A lot of her current problems stem from her first boyfriend. They lived together in his mother’s
basement and he was abusive. She never told us about it. They would fight, and he would call
the police and claim that she was out of control. They would take her to the hospital where she
would spend time in the mental ward. She was there so many times that they stopped
accepting her and made her go to another hospital and finally the Crisis Center. She finally
admitted that she was being abused after she was able to break away from him.
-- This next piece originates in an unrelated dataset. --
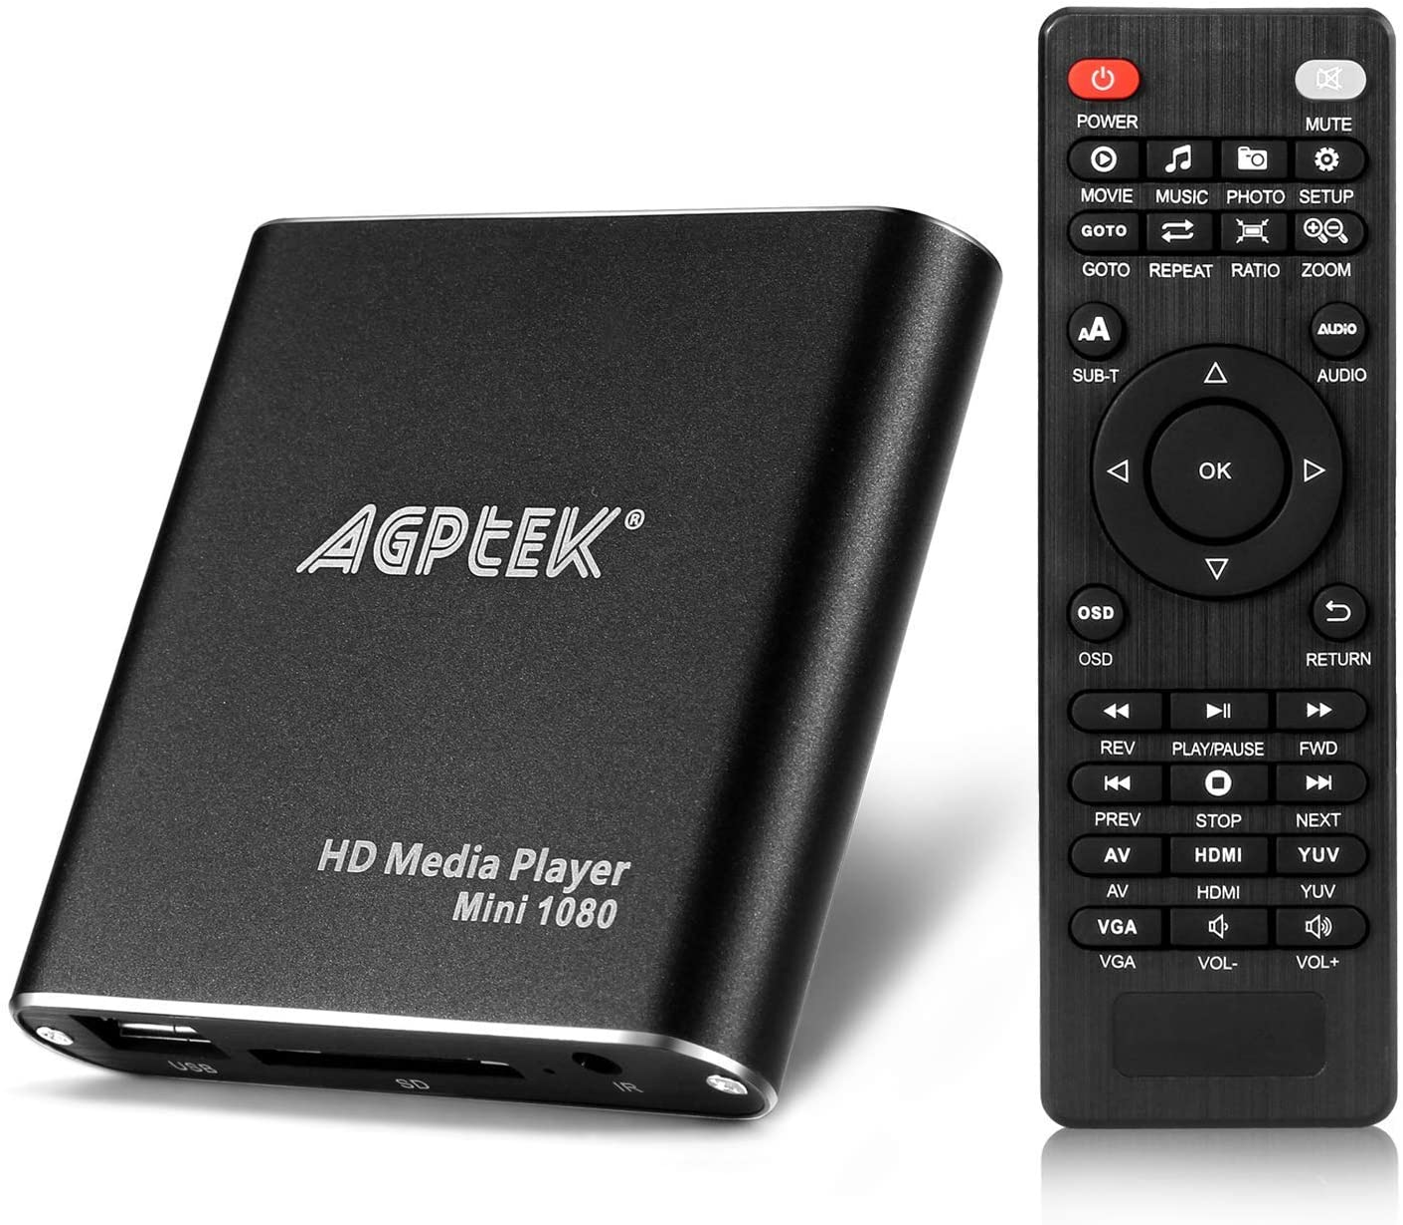 HDMI Media Player, Black Mini 1080p Full-HD Ultra HDMI Digital Media Player for -MKV/RM- HDD USB Drives and SD Cards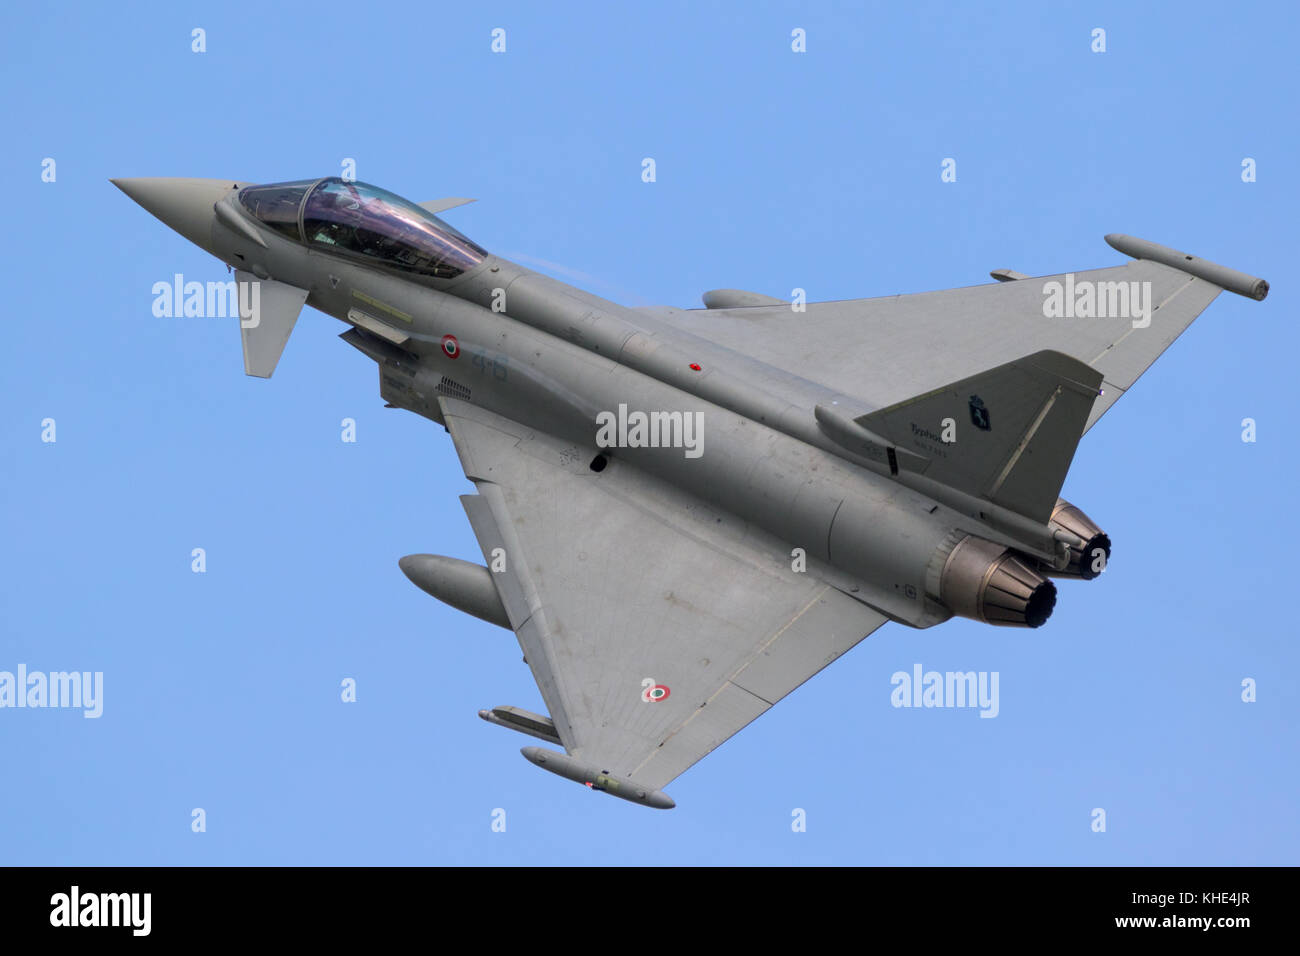 FLORENNES, BELGIUM - JUN 15, 2017: Italian Air Force Eurofighter Typhoon fighter jet aircraft in flight. Stock Photo

The boyfriend after that was the one who took her car and wrecked it. I spent New Year’s Eve
that year at the hospital while she was having a miscarriage. The next week the police came to
the door and arrested him on an old cold case that they had matched his DNA to when they got
it from taking him in for the car wreck.

The guy she is with now seems like a nice guy. When she met him he had a good job, a car, and
was living with a friend. Shortly after they started dating, he moved into the basement. One
Friday night a few months ago, they decided to go riding around. They got stopped 3 counties
away for “a taillight violation”. He failed a sobriety test and she had a pipe in her purse. His car
got impounded and he can’t afford to get it out, so he lost his job. They both got new jobs close
by but it’s far from an ideal situation.

Solutions?

I don’t know what the solution is. I don’t know what may have happened if my husband hadn’t
died. All my children seem to suffer from low self- esteem, otherwise, why would they allow
themselves to be victimized? I try to support them, but do I enable them instead? I have
exhausted my funds trying to support them financially and I’ve exhausted my patience trying to
support them emotionally. I keep waiting for the tide to turn.

Have your children had the same or similar kinds of problems? I’d love to hear from you.